Desperate Characters (1970)
Paula Fox
"A perfect short novel As in Tolstoy's The Death of Ivan Ilyich, everything crucial within our souls bared."

We Are All Completely Beside Ourselves (2013)
Karen Joy Fowler
"In this curious, wonderfully intelligent novel, Karen Joy Fowler brings to life a most unusual family."

Euphoria (2014)
Lily King
"Fresh, brilliantly structured, and fully imagined, this novel radically transforms a story we might have known, as outsiders - but now experience, through Lily King's great gifts, as if we'd lived it."

The World of Tomorrow (2017)
Brendan Mathews
"Brash, bold, completely entertaining, and dazzling in its evocation of time and place, Brendan Mathews's splendid debut offers pleasures on every page."
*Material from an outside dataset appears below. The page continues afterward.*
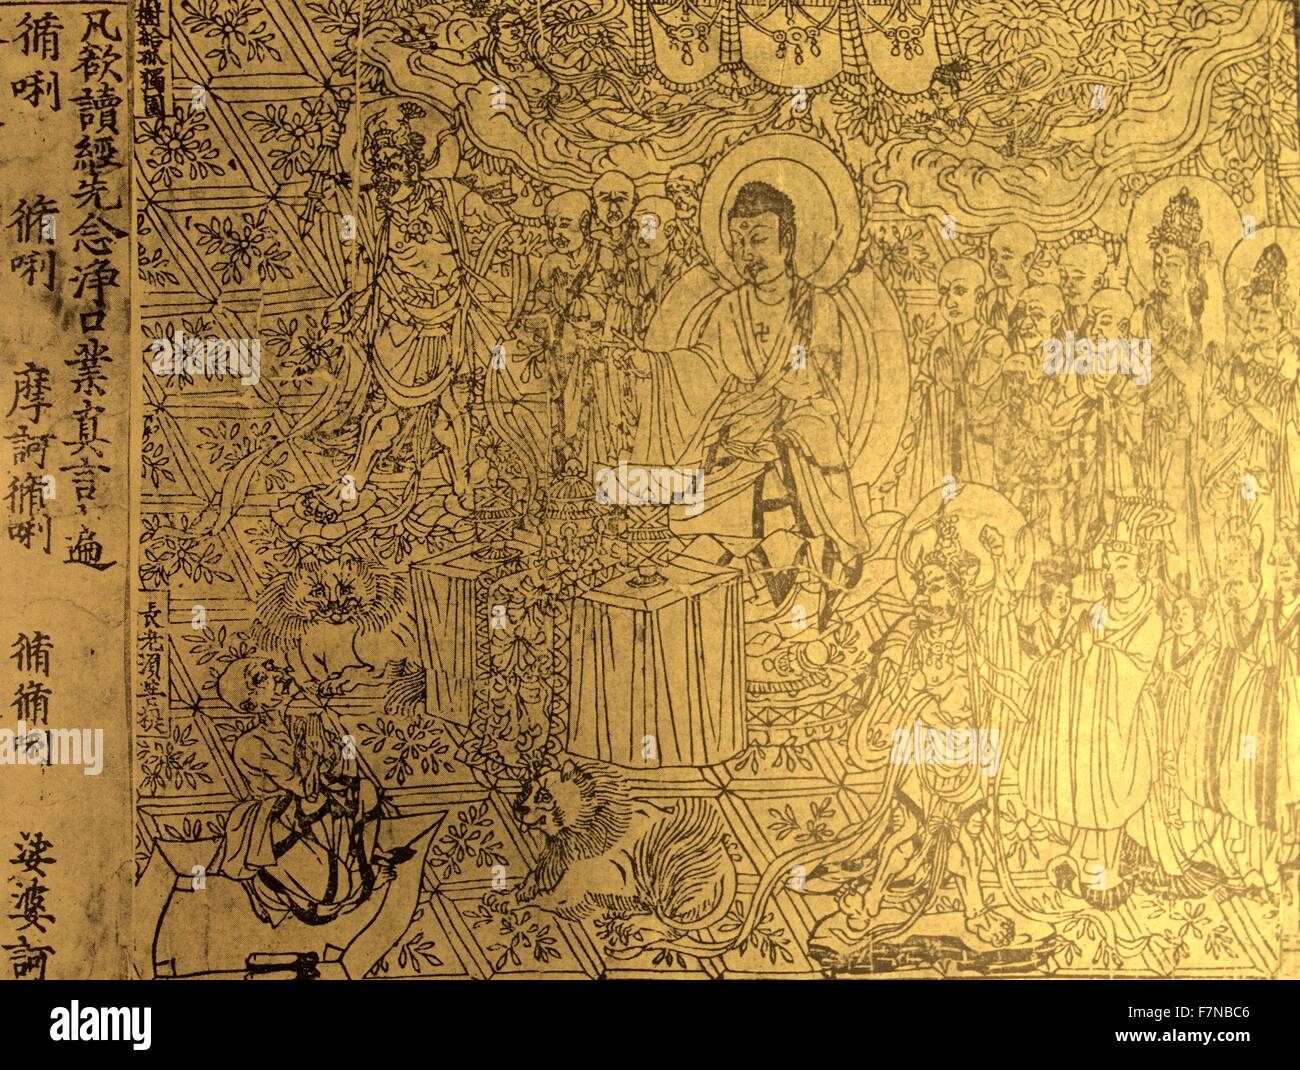 Le Sūtra du diamant. Un sūtra bouddhique Mahāyāna, trouvé parmi les  manuscrits de Dunhuang, en Chine, au début du xxe siècle par Aurel Stein.  Le Sutra date de l'ANNONCE 868 Photo Stock -

The Blackmailer's Guide to Love (2021)
Marian Thurm
"Through her wide-eyed young heroine, Thurm wonderfully conveys the fantasies, disillusions, and vanities of literary New York in the late 1970s. Her biting sketches of the era's key figures bring that lost world alive in granular detail."

The Latinist (2022)
Mark Prins
"Brainy and deftly plotted, The Latinist enchants with its deft inversions of power, its witty poetic inventions, and its passion for languages old and new. A lovely debut."

Lucky Turtle (2022)
Bill Roorbach
"Two great love affairs--one between characters, the other with the wilds of Montana as its original inhabitants knew it--surge through this engaging, audacious novel. Every page hums with life and energy."